Project name:

DSW: Cloud platform for collaborative R&D work of Data Science team

Project description:

DSW logoService summary: Data Science Workspace (DSW) is cloud platform for Data Science teams and individuals with following abilities:

  • Change computing performance and libraries in one click, without leaving Jupyter Lab/Notebook
  • Monitor sessions and resource usage
  • Save results into project network folder with access control

It covers R&D stage, supports pay-as-you-go approach. In near future DSW would support distributed computing (SPARK) and container builder for custom ML libraries set.

Benefits for companies:

  • Increase Data Science productivity with ready to use workspace
  • Reduce data loses and leaks by saving all data-marts and research results in network folder with access control
  • Ability to use expensive high-end servers on demand
  • Monitor team performance in terms of resource usage

Target audience:

  • Companies that have Data Scientists and data for research.
  • Students of universities and Data Science education trainings.
  • Individual Data Scientists who want to start scalable research and avoid unnecessary DevOps.

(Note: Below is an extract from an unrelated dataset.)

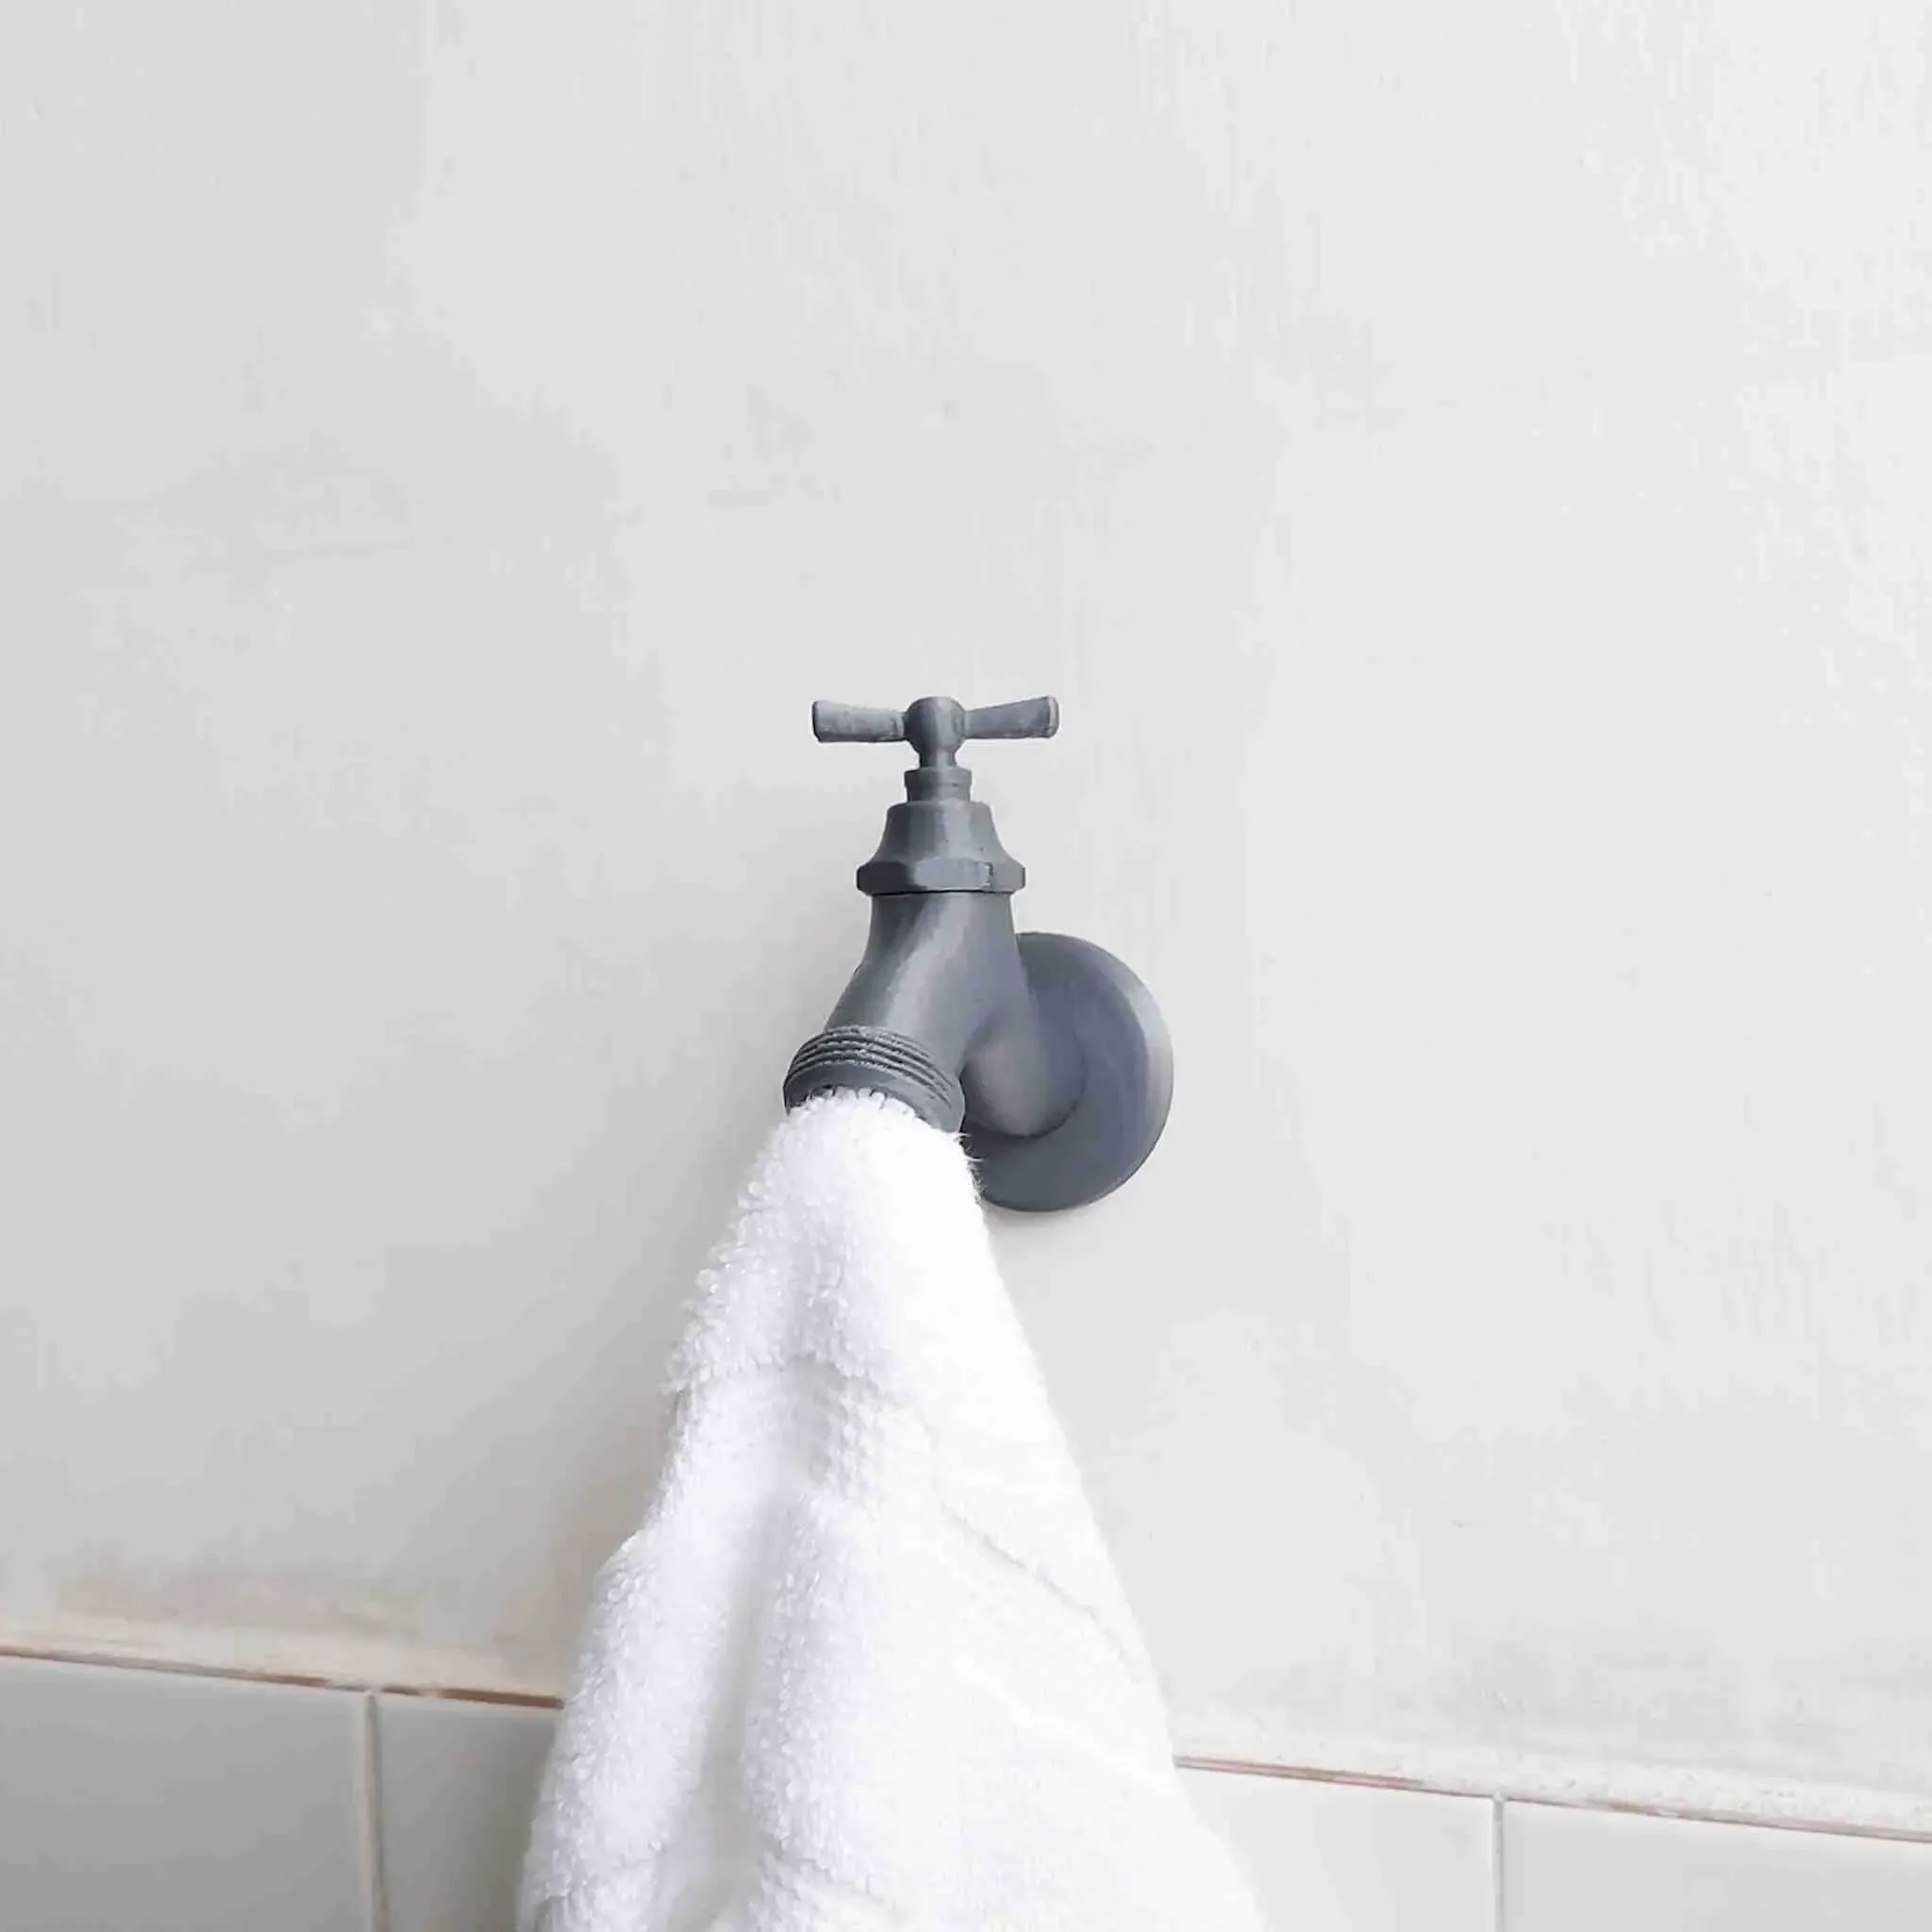 Faucet Towel Hanger

Market: Global cloud analytics market is $8,3B with growing GPU-as-a-Service approach for Deep Learning.

Technologies and approaches: Web portal, integrated with Jupyter Lab / Notebook at front. Many techs under, including VMWare, Kubernetis, Docker, Jupyter Hub, GitLab, Anaconda Distribution.

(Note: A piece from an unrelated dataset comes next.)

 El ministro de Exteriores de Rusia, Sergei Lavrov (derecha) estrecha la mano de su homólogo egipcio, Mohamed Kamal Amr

DSW Monitoring interface example

Readiness level: Produced technical release and started sales.

Description: We saw global demand grow in prediction models development, using machine learning. Production and insurance companies joined to telecom and banking.

Since Machine Learning (ML) is a new way of programming complicated logic, companies need tools, servers and qualified DevOps to support ML-engineers. Another challenge was computing resource monitoring and efficient usage – there was no simple tool for that. Therefore, we decided to automate most of these processes in order to speed-up researches.

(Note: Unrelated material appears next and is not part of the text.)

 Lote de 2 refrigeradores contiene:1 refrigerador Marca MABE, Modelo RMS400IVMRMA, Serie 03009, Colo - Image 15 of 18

Development phases: This service we built from the ground up. After market analysis, when basic investment budget was calculated and approved, I provided about 16 customer in-depth interviews with data engineers and their managers, university teachers, hackathon managers in order to understand their needs and find frequently requests. As result, I created product backlog with about 27 product features combined in problematic groups.

In a month, we developed demo version for internal presentation. Next month we developed MVP for AI conference.

Technical release took about 4 months due to technological complexity. Taking into consideration that we worked in large slow system integration company, our team ran fast.

In parallel with technical release production, I built support SLA process and developed sales-kit with pricing, benefits, comparison with competitors. Then I started sales enablement and first presales.

Product challenges: We had to improve open source software in order to close security vulnerabilities.

If company’s data is not in cloud, they would like to move it to the cloud first and requires prerequisites like S3 compatible storage, basic self-service automation and billing. Cloud provider should automate basic data services first.

DSW almost passed a Product Discovery stage, from idea to MVP and first sales. During customer research, I discovered another segment of companies that asked for ready to use industry and case specific machine learning models. So the MiGA product appeared.